Comments on PGP5.0 OCR (was Re: fyi, pgp source now available , internationally)
Charlie Root (root@cypherpunks.campsite.hip.nl) wrote:
http://cypherpunks.campsite.hip97.nl/pgp/ and http://www.pgpi.com/
(The former no longer seems to work, presumably because the machine is packed up and on its way home.) I just wanted to make a few comments on the proofreading, in case anyone feels like releasing software in a similar manner in future: The original printed and OCR-ed source gave a single checksum for each page, with four bits per line. It also ignored whitespace except in strings and comments. This meant that people could rapidly process the majority of the code to produce something which wasn't terribly pretty but functioned correctly. However, because there were only four bits per line an incorrect line could pass the checksum; this would still be detected because the checksums were chained, but it could mean that when an error was detected you had to check several lines to find the invalid one. Presumably because of this the OCR-ed pages at HIP included a per-line checksum. This was good... but... it also checksummed the whitespace. This wasn't a problem in theory, because tabs were indicated by a special character. However, most lines had both tabs *and* spaces and there was no way to see where the spaces were because they were overrriden by the tab (e.g. "mov<sp><tab>ax,23<sp><sp><tab><sp><tab>; Stuff"). As a consequence the proofreading went very slowly until some valiant folks (who may or may not wish to be identified, so I won't) worked overnight to put together a program to brute-force the checksum by trying all possible combinations of tabs and spaces until it found the right one. So for a future effort could we please have the per-line checksums but ignore the whitespace unless it's important (e.g. comments and strings again)? Or if you want to ensure that the whitespace is identical between versions, please either strip out unneccesary spaces or use a special character for them so we can see precisely where they are. If all we want is functioning code, then it doesn't have to look pretty; we can feed it through a code prettifier like indent when it's functionally correct. Mark
Mark Grant <mark@unicorn.com> writes:
I just wanted to make a few comments on the proofreading, in case anyone feels like releasing software in a similar manner in future:
[...] the OCR-ed pages at HIP included a per-line checksum. This was good... but... it also checksummed the whitespace. This wasn't a problem in theory, because tabs were indicated by a special character. However, most lines had both tabs *and* spaces and there was no way to see where the spaces were because they were overrriden by the tab (e.g. "mov<sp><tab>ax,23<sp><sp><tab><sp><tab>; Stuff").
How about a book full of 2D barcodes? As a plus perhaps the book would be more compact, as you could gzip it first -- the full source tree looks to be over a foot of doublesided paper!

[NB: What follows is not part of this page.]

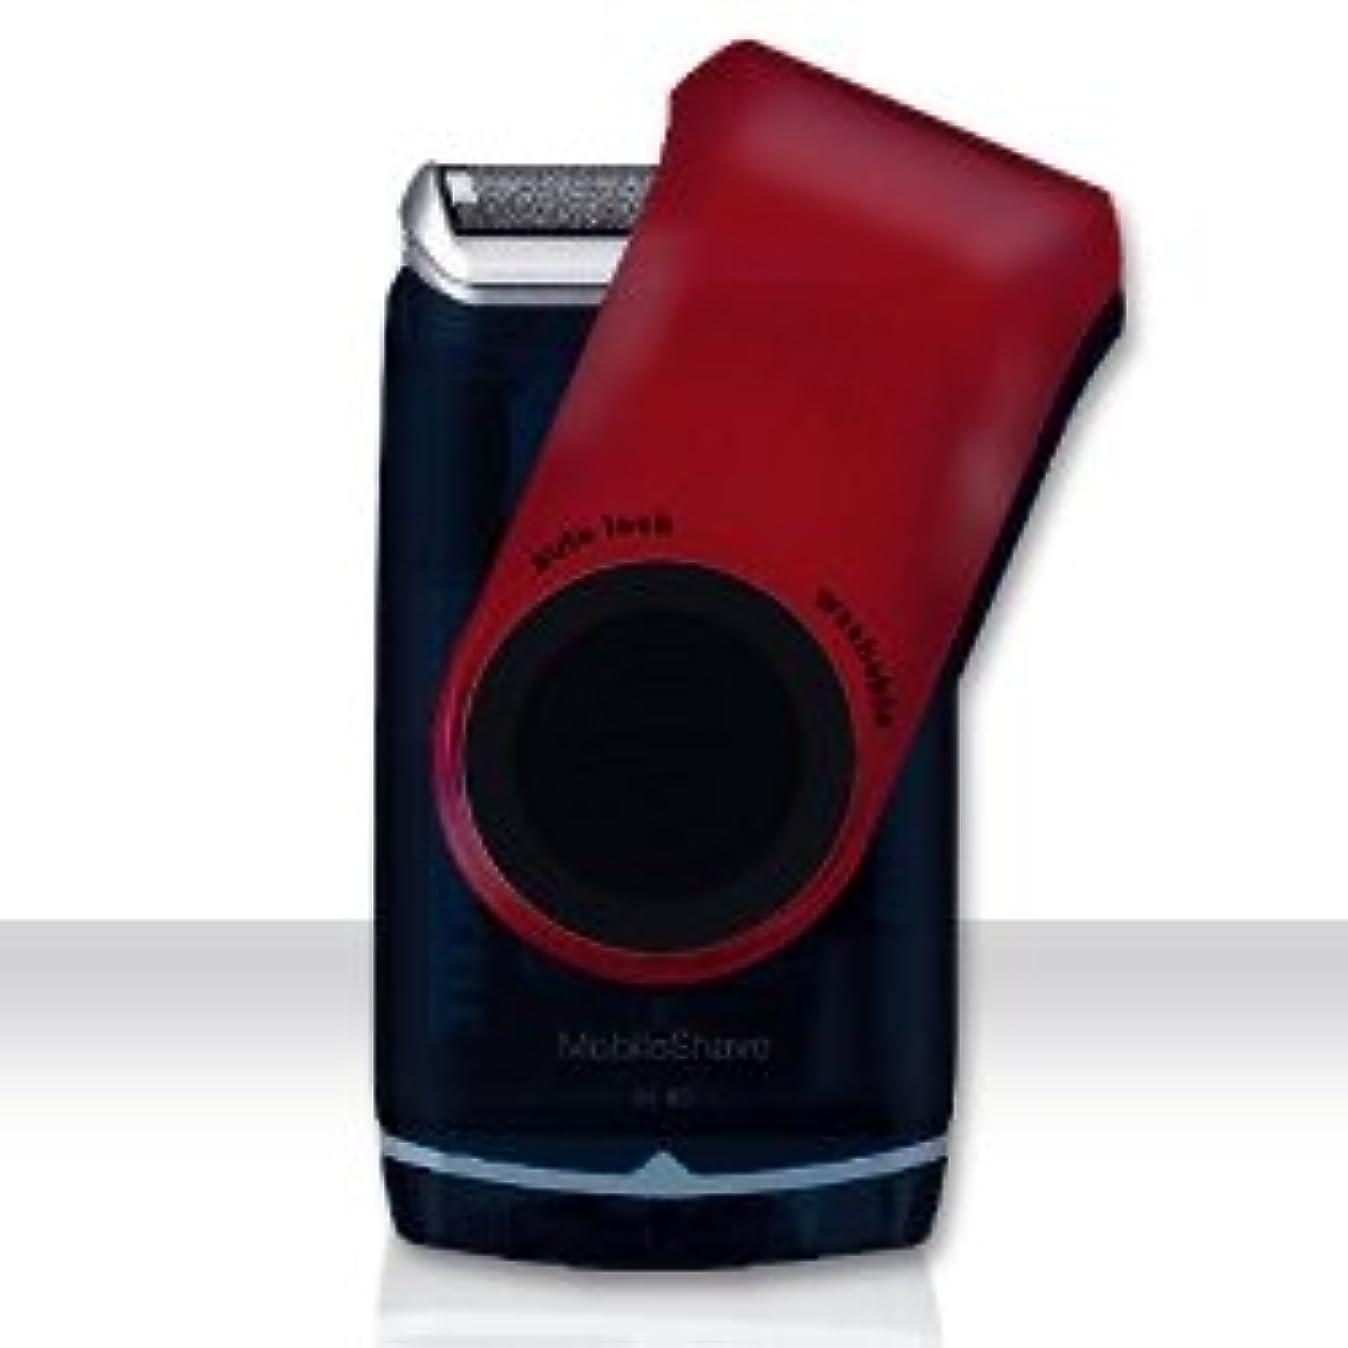 動かす混乱させる車両ブラウン モバイル ポケット シェーバー M60 赤 電池式 並行輸入品

Adam -- Have *you* exported RSA today? --> http://www.dcs.ex.ac.uk/~aba/rsa/ print pack"C*",split/\D+/,`echo "16iII*o\U@{$/=$z;[(pop,pop,unpack"H*",<> )]}\EsMsKsN0[lN*1lK[d2%Sa2/d0<X+d*lMLa^*lN%0]dsXx++lMlN/dsM0<J]dsJxp"|dc`
On Mon, 11 Aug 1997, Adam Back wrote:
How about a book full of 2D barcodes?
As a plus perhaps the book would be more compact, as you could gzip it first -- the full source tree looks to be over a foot of doublesided paper!
Well, remember the reason we did this: to get the code out of the US in a way that the government couldn't screw with at all. Readable text is clearly a publication, and thus unrestrictable. There is a chance, however small, that gzip (and tarring I'd assume) the tree and then putting it in as text (or bar-coding it) would cloud the issue some. (Isn't part of this to do with human-readable as opposed to machien readable?) Besides, this way it's easier to spot the errors simply by comparing, with bar-codes and such you'd never ever be able to look at the errors yourself and find them. ----------------------------------------------------------------------- Ryan Anderson - <Pug Majere> "Who knows, even the horse might sing" Wayne State University - CULMA "May you live in interesting times.." randerso@ece.eng.wayne.edu Ohio = VYI of the USA PGP Fingerprint - 7E 8E C6 54 96 AC D9 57 E4 F8 AE 9C 10 7E 78 C9 -----------------------------------------------------------------------
On Mon, 11 Aug 1997, Ryan Anderson wrote:
On Mon, 11 Aug 1997, Adam Back wrote:
How about a book full of 2D barcodes?
As a plus perhaps the book would be more compact, as you could gzip it first -- the full source tree looks to be over a foot of doublesided paper!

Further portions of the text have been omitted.